-- What is being asked --
For this exercise, repeat exactly the lines below starting at the line holding "A hand holding" and ending at the line holding "Cracked and separated on dried soil", both included, with no extra lines and no pictures.

===== Records for the task

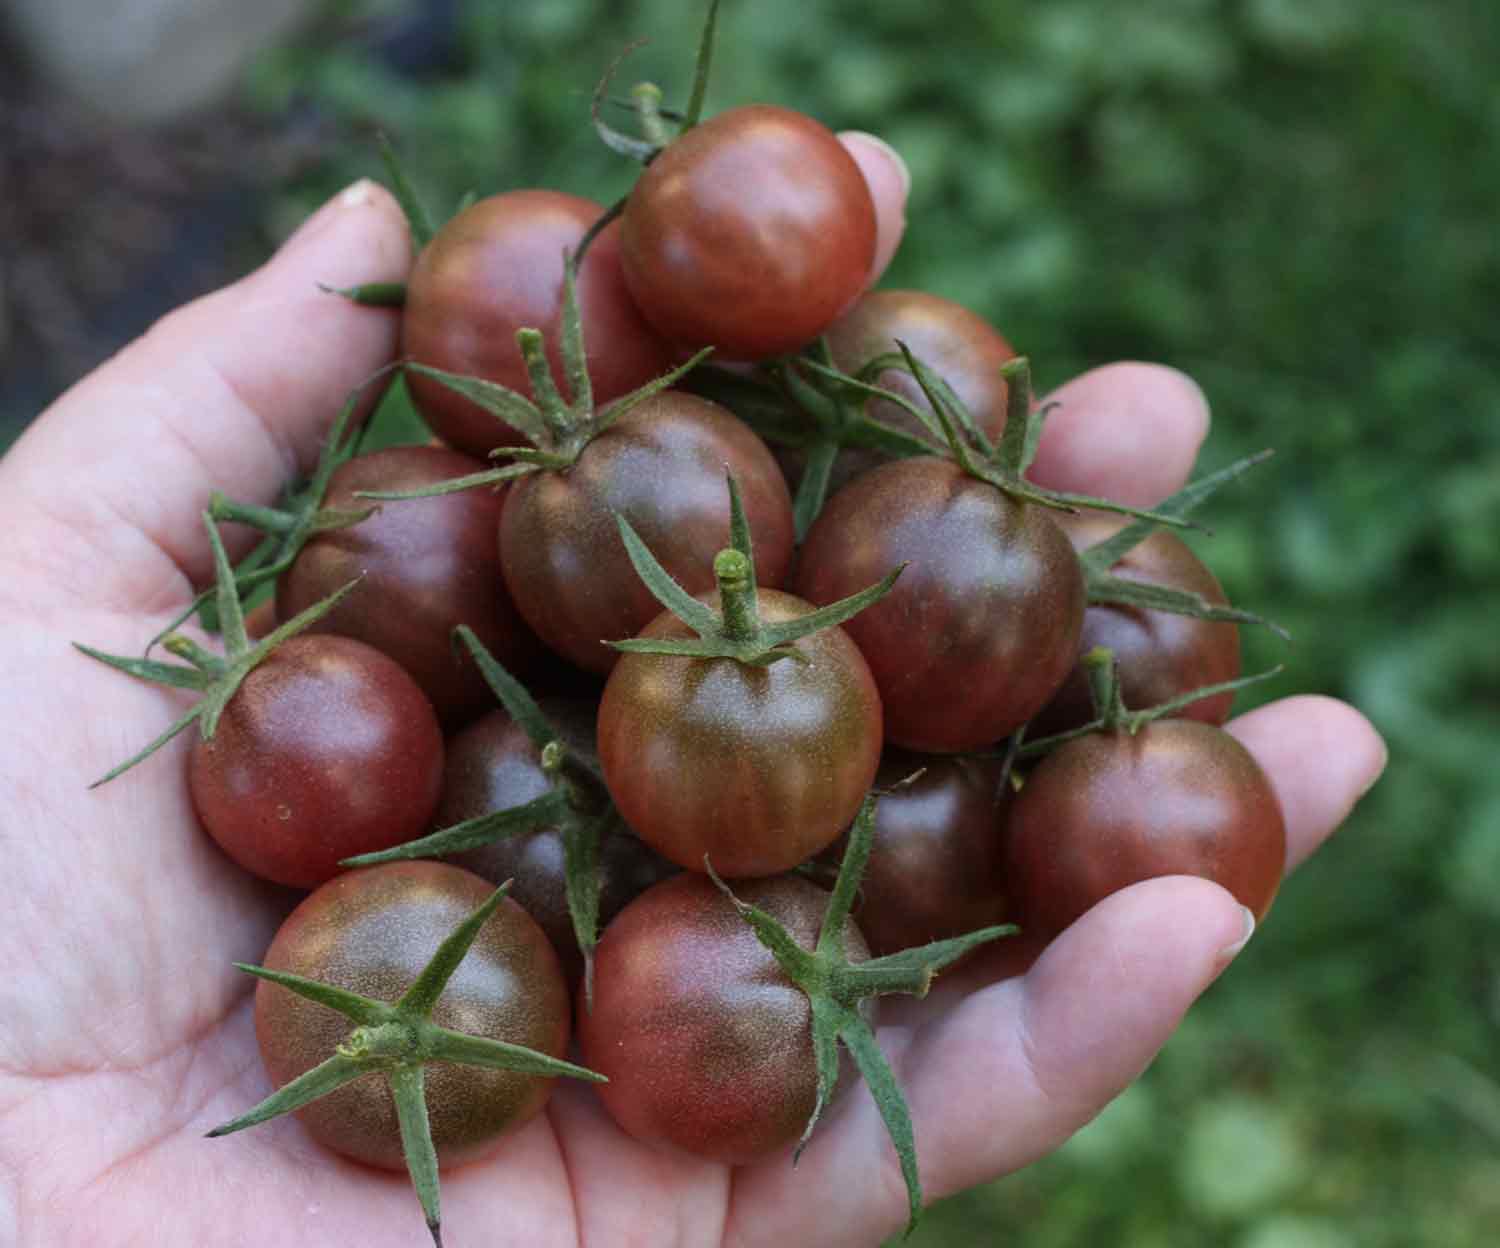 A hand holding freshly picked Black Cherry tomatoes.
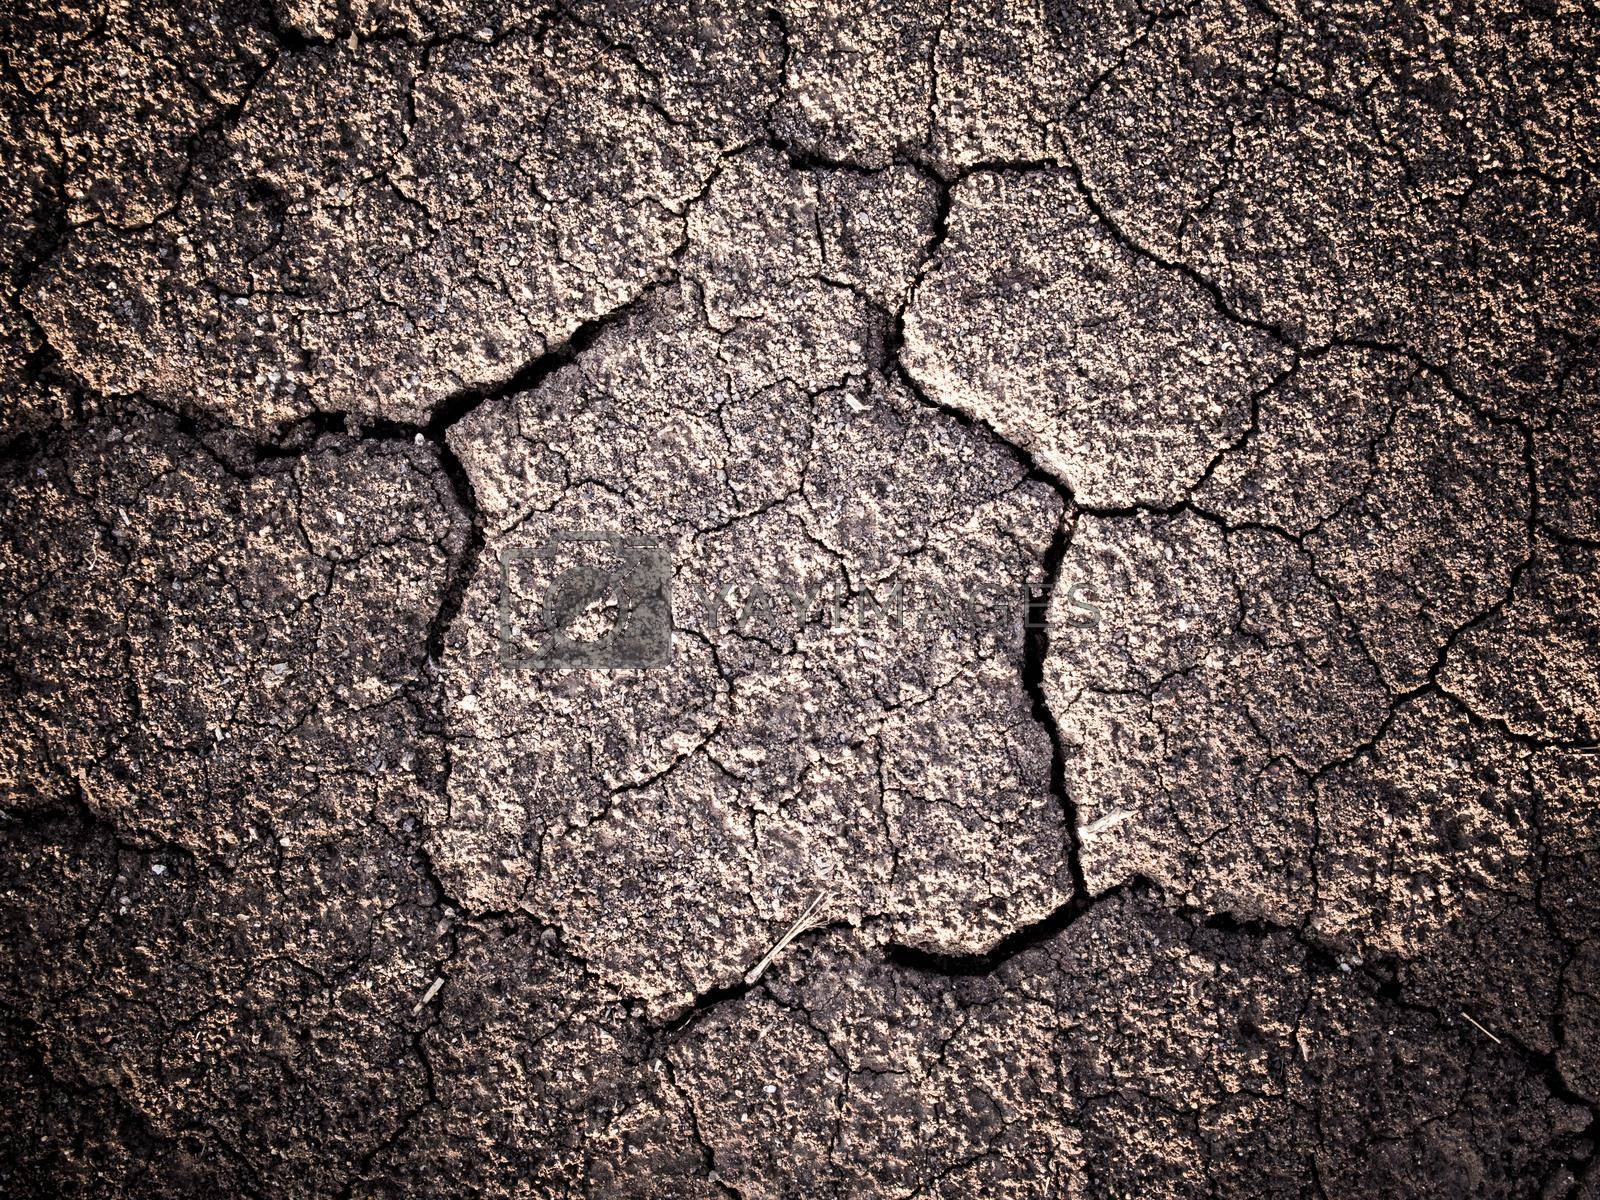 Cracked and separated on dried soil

==========
===== Records for the task

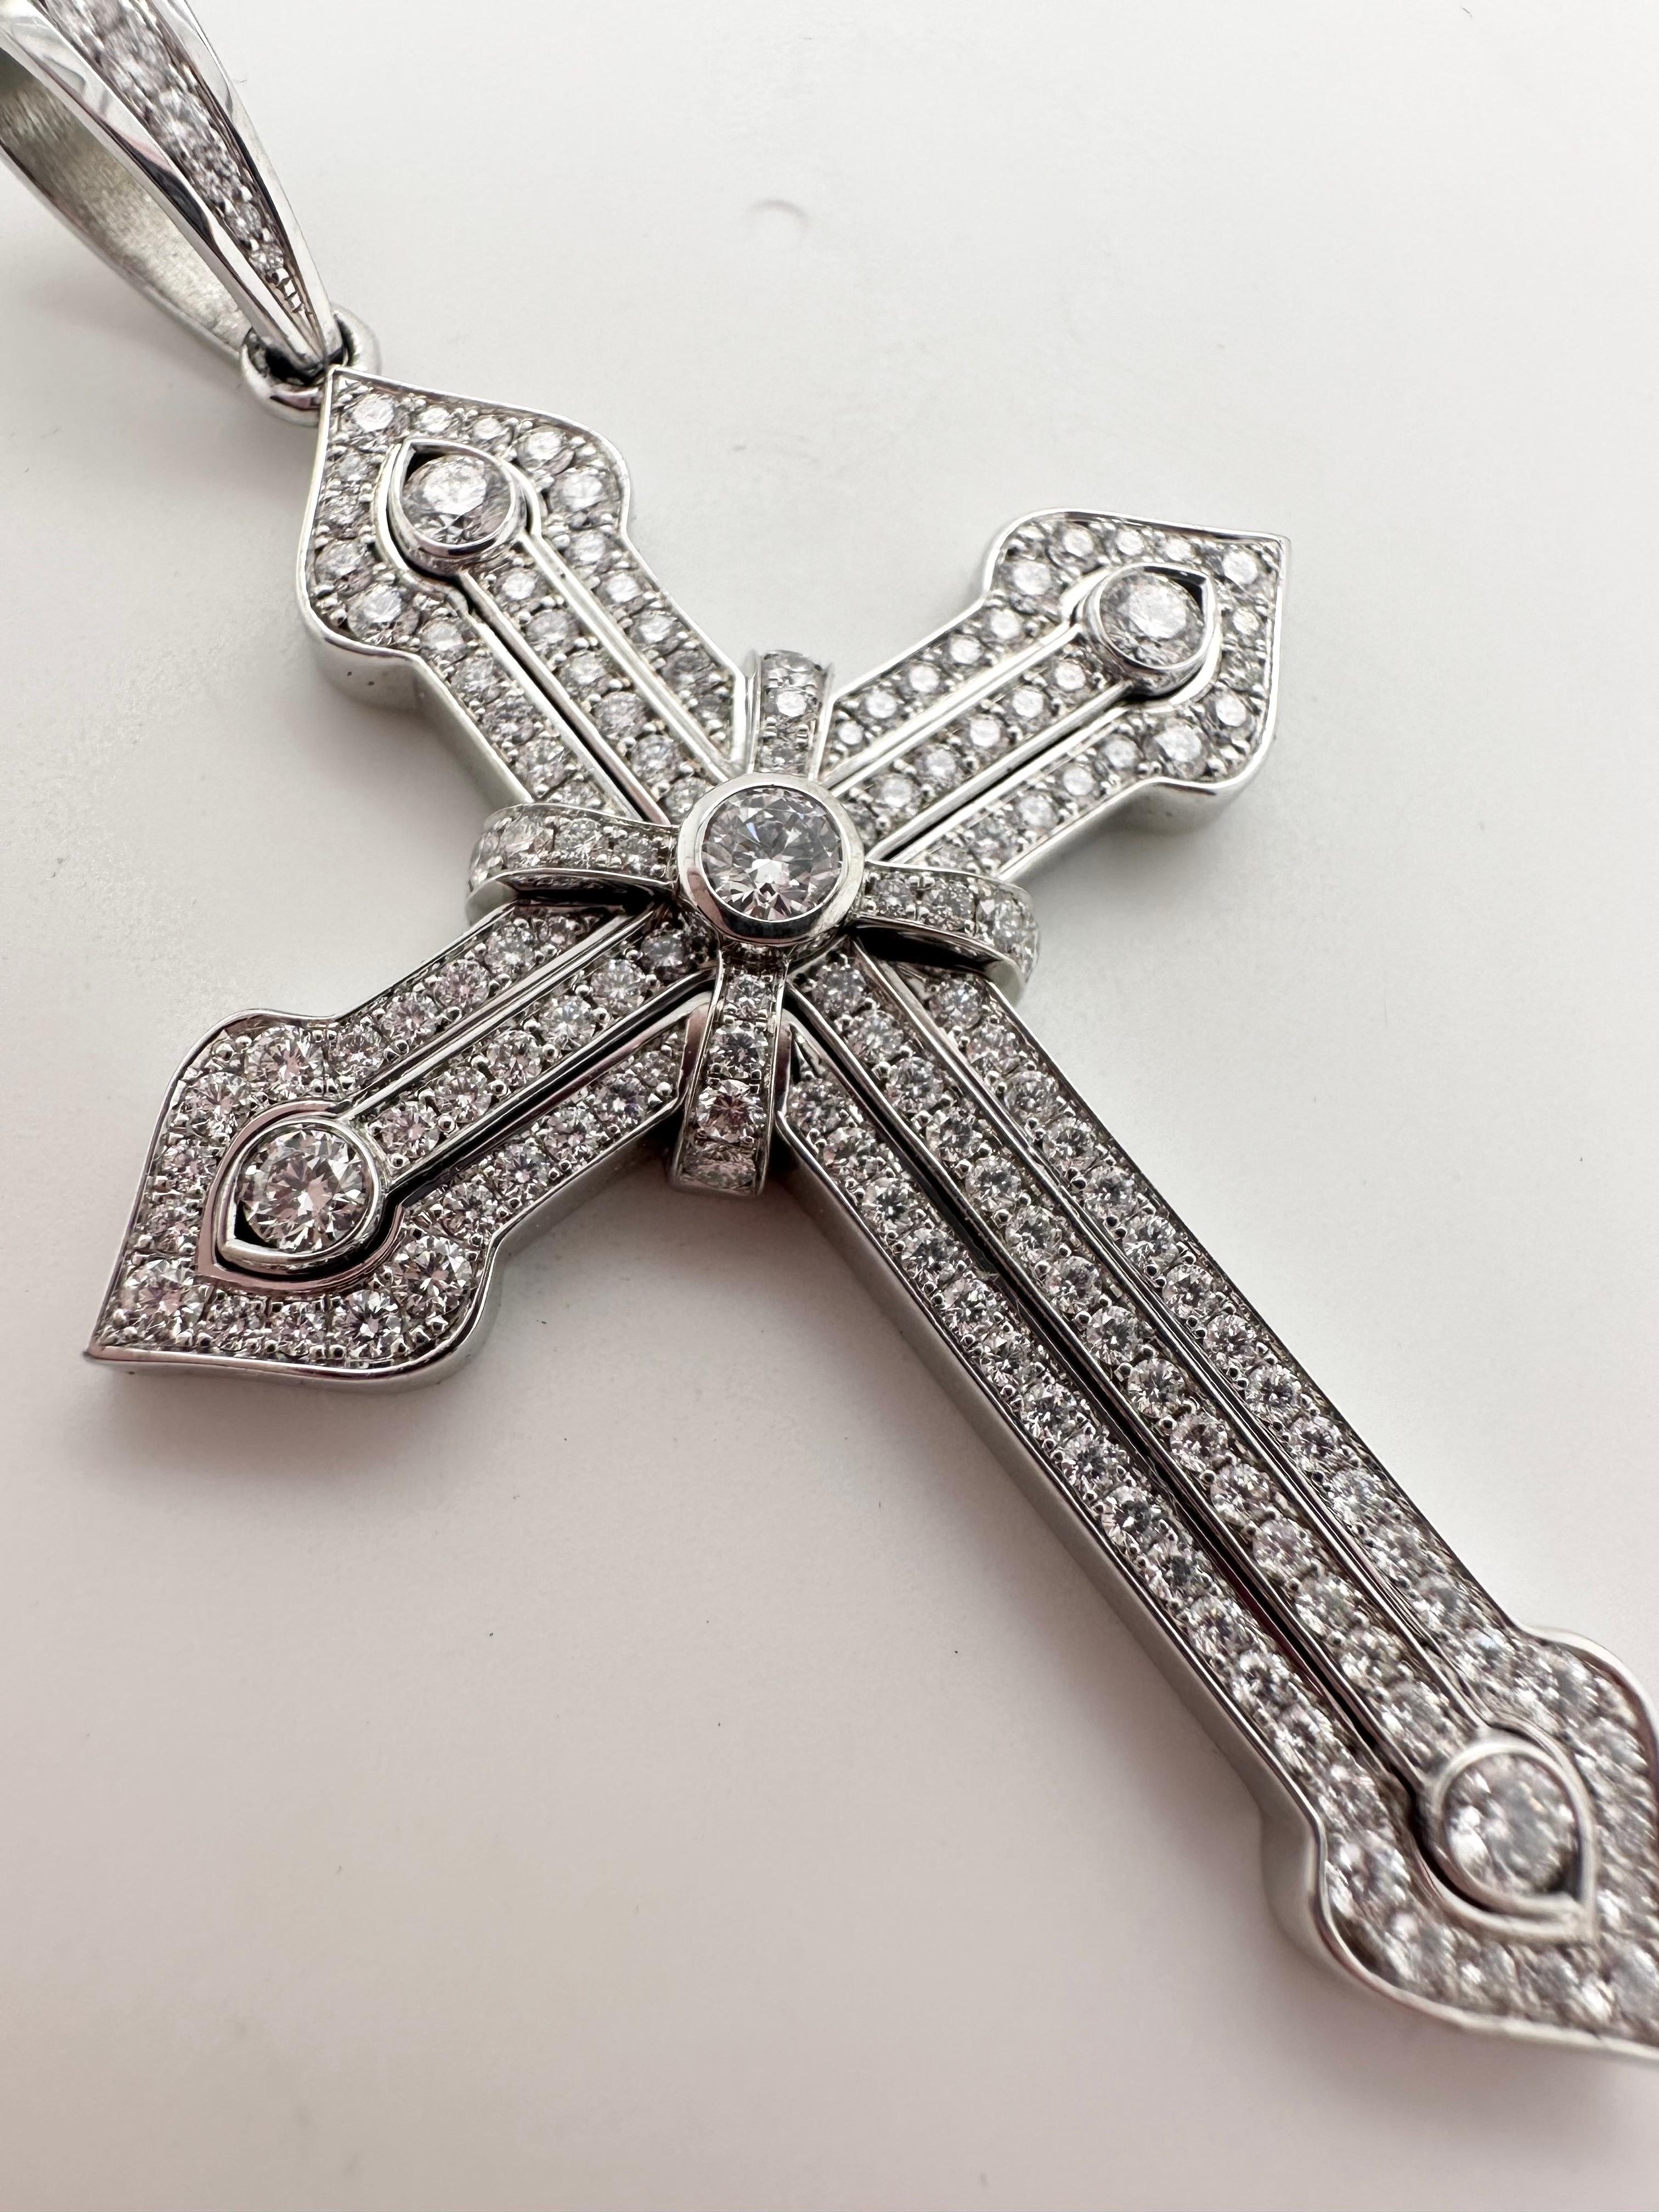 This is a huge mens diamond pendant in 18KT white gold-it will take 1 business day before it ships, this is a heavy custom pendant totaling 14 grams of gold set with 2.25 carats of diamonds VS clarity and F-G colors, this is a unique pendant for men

==========

-- Answer section --
 A hand holding freshly picked Black Cherry tomatoes.
 Cracked and separated on dried soil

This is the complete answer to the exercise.